Bowie has spent the last nine hours composing, producing and playing every instrument on the backing track, and it is finally time for Pop to do his bit. After all, this is Iggy’s demo.

Bowie touches a button and the room is filled with an ominous, dirgelike instrumental track. The shirtless Iggy listens intently for a moment, then approaches the mike. He has prepared no lyrics, and in the name of improv, he snarls:

You go out at night from your sixty dollar single down in West Hollywood With your ripped off clothes that are bulging at the seams I can’t believe that you don’t know you look ugly. I mean, are you really all that dumb? I mean, I don’t want you to be that dumb you know. But you are You’re just dumb Straight out of the cradle and into the hole with you.

He begins screaming.

When I walk through the do-wa. I’m your new breed of who-wa. We will nooowwwwwwww drink to meeeeeee.
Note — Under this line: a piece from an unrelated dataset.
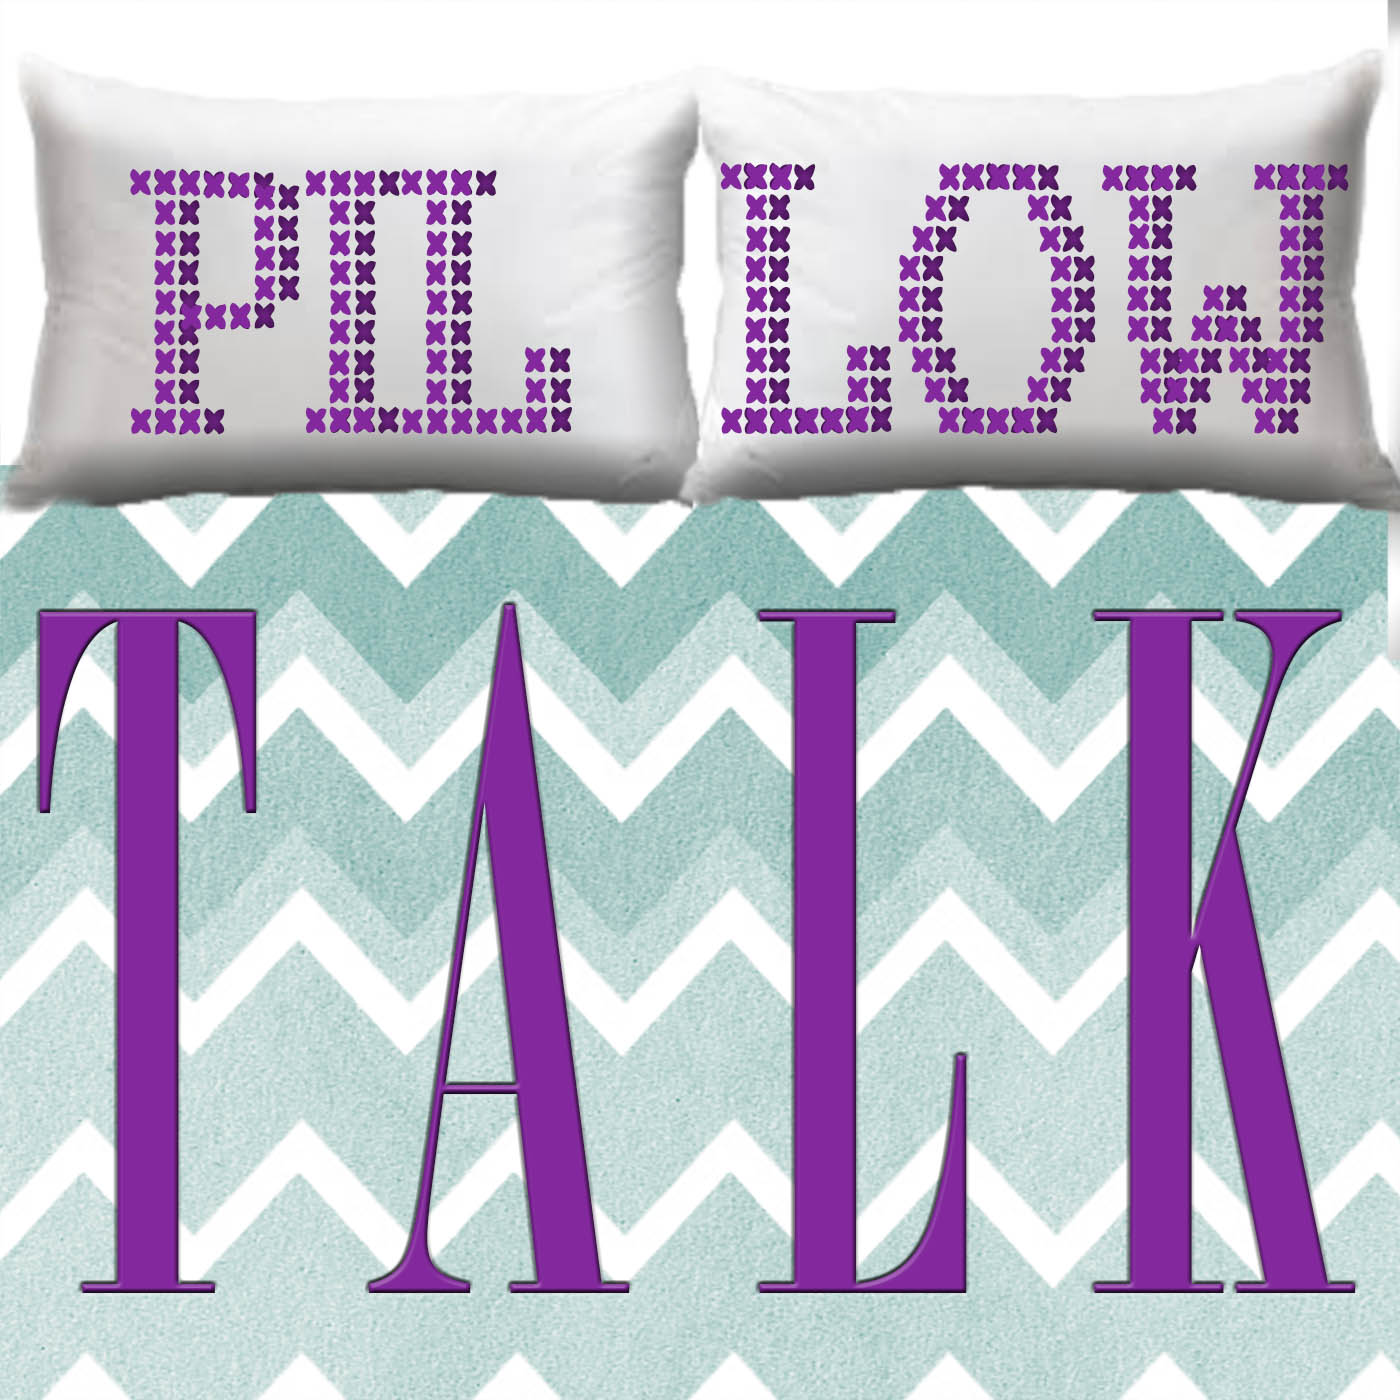 PillowTalk_Logo_1400x1400

Bowie clutches his heart and beams like a proud father watching his kid in the school play. His whisper is full of wonder. “They just don’t appreciate Iggy,” he is saying. “He’s Lenny fucking Bruce and James Dean. When that adlib flow starts, there’s nobody like him. It’s verbal jazz, man!”

Cameron Crowe

I forget that Cameron Crowe was actually a rock writer.